• [YOUR INSTRUCTIONS]: After locating the line with "Call of Duty: Black" below, output it and each following line exactly, stopping after the line with "Lunch in Harleston, Norfolk". No pictures.

• [EXTRACTED ENTRIES]:
======
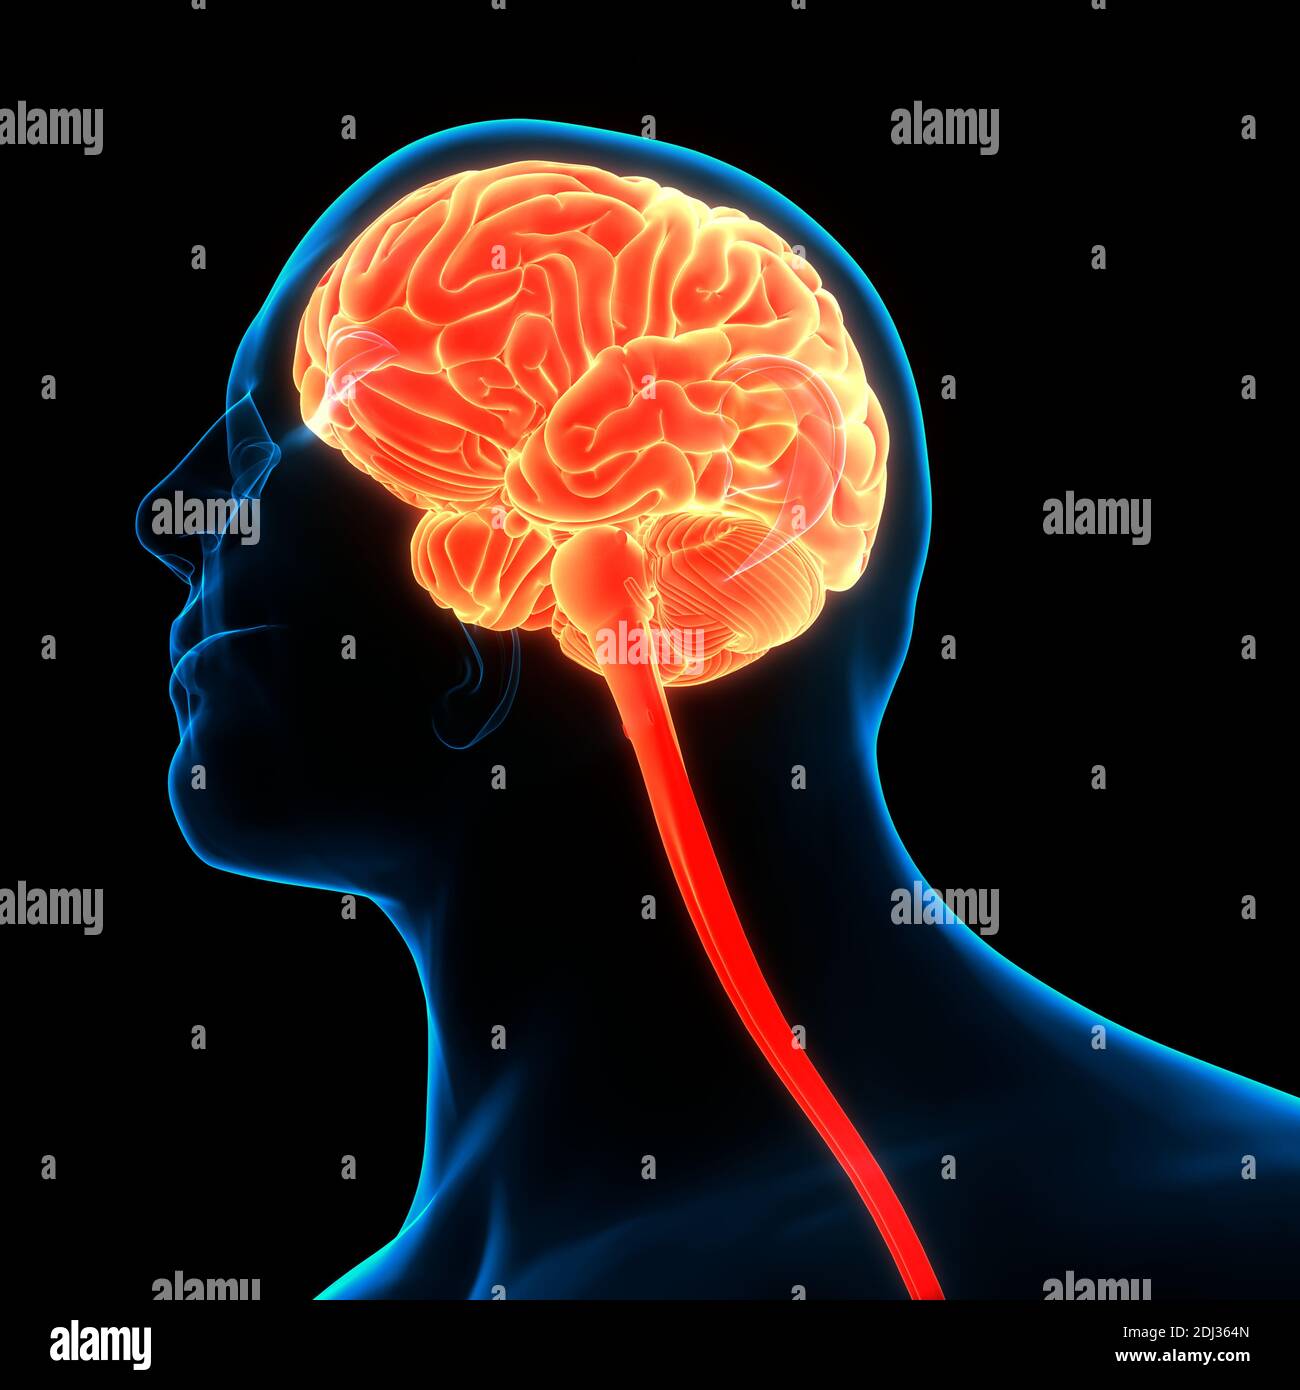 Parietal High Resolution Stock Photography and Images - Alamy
======
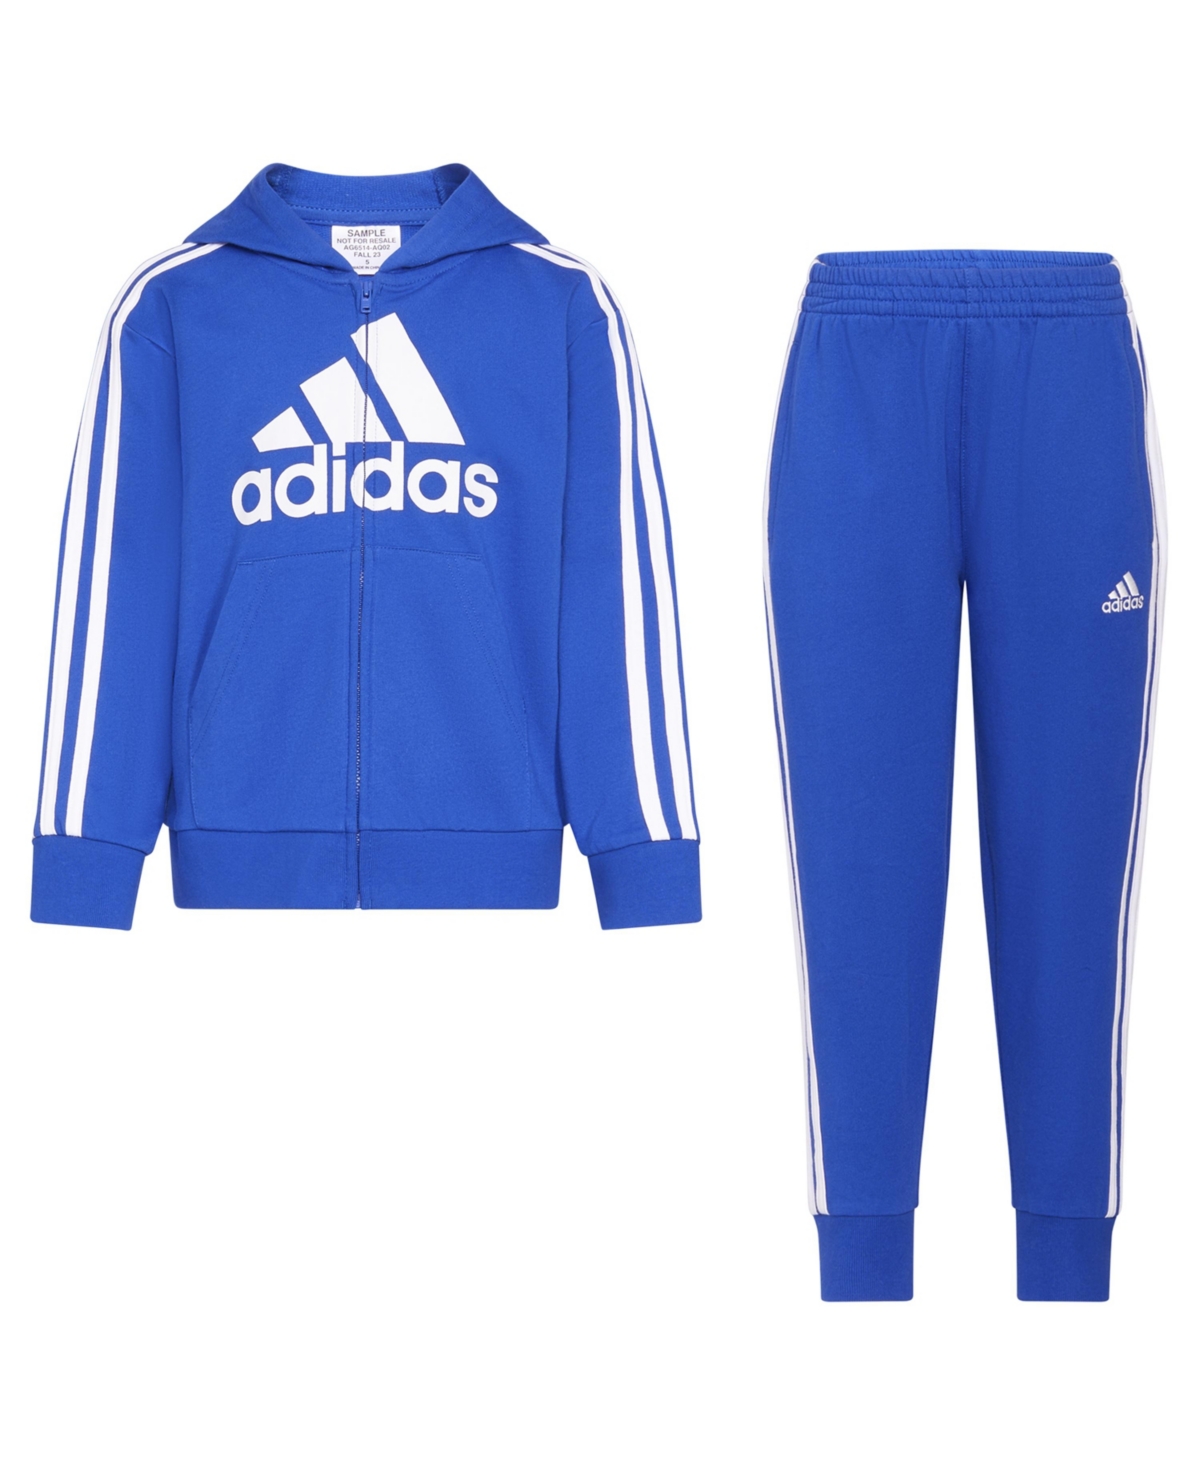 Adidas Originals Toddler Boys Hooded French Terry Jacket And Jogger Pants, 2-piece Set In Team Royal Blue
======
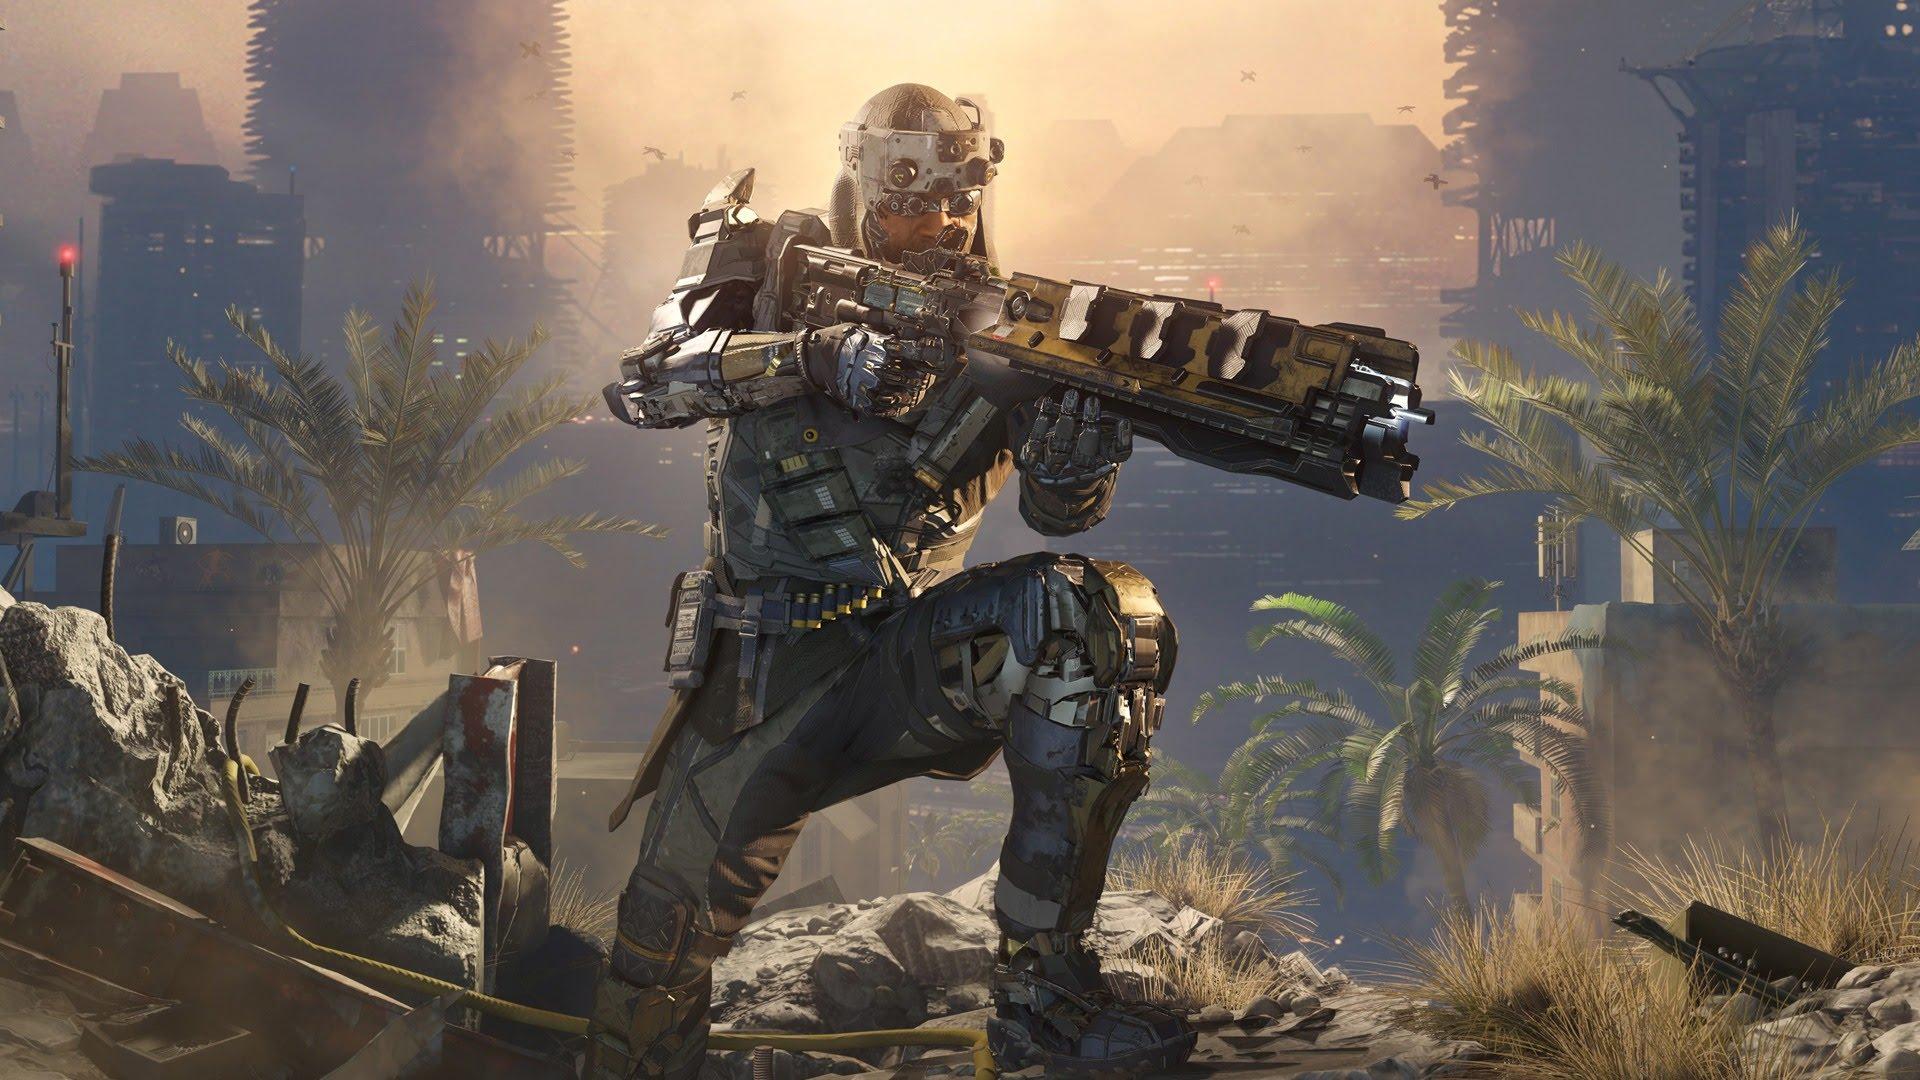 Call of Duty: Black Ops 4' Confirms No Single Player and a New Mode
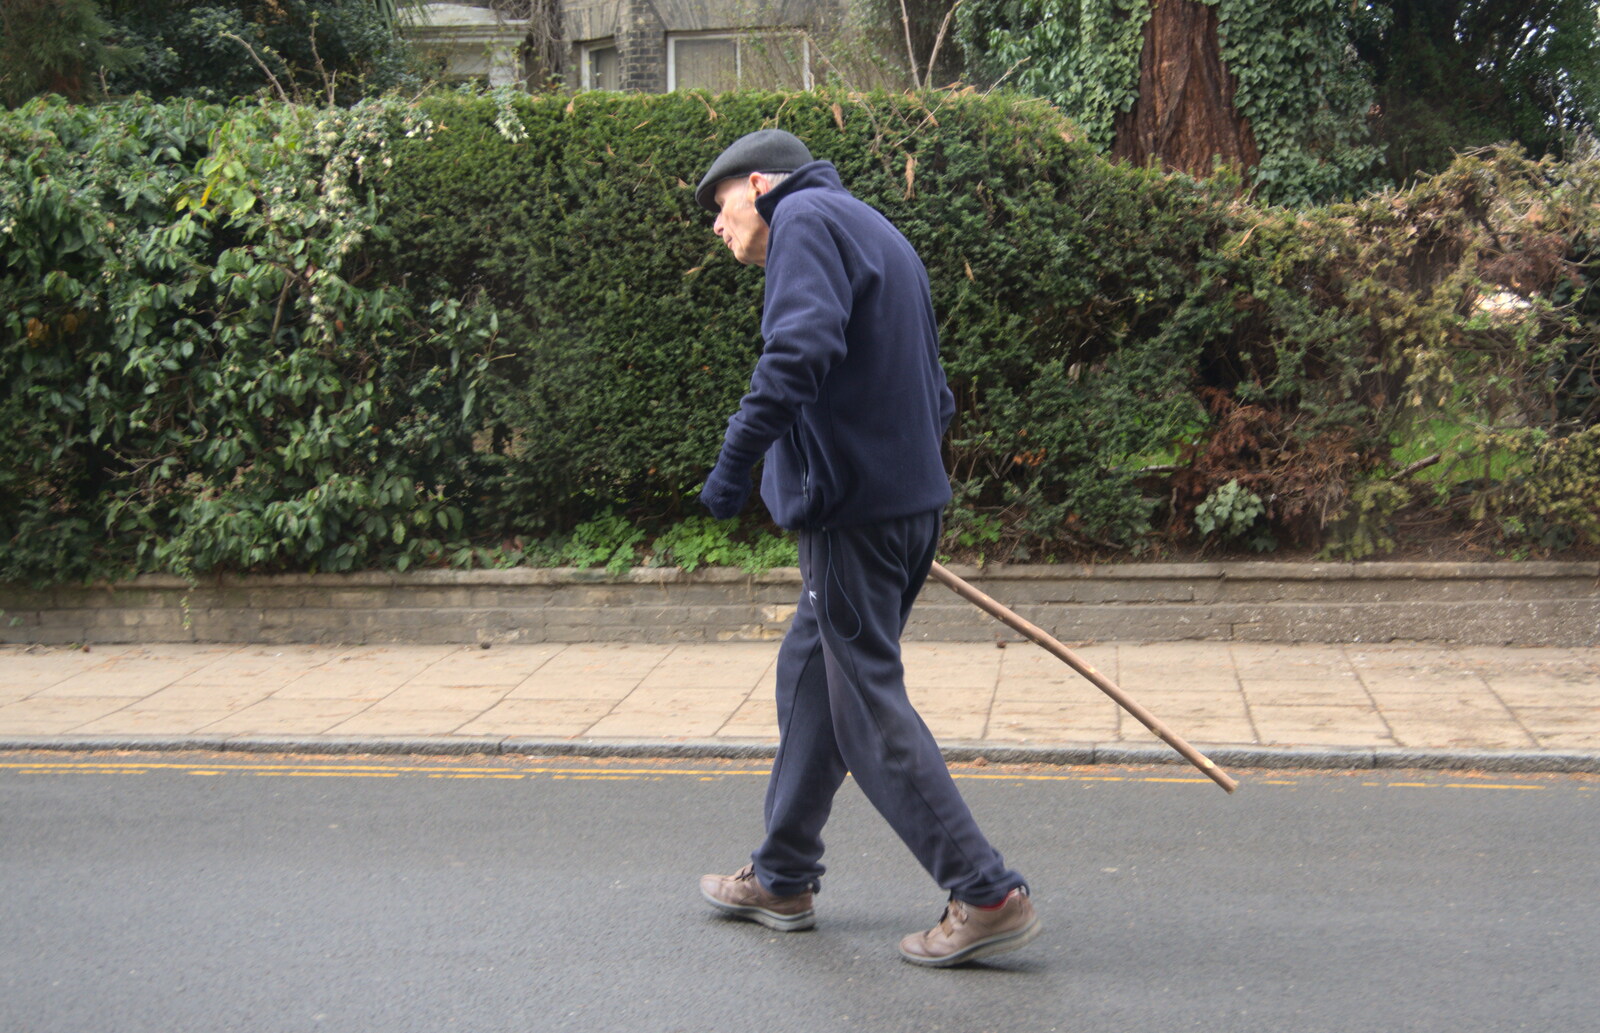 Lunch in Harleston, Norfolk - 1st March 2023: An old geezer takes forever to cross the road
======
• [RESULT]:
 Call of Duty: Black Ops 4' Confirms No Single Player and a New Mode
 Lunch in Harleston, Norfolk - 1st March 2023: An old geezer takes forever to cross the road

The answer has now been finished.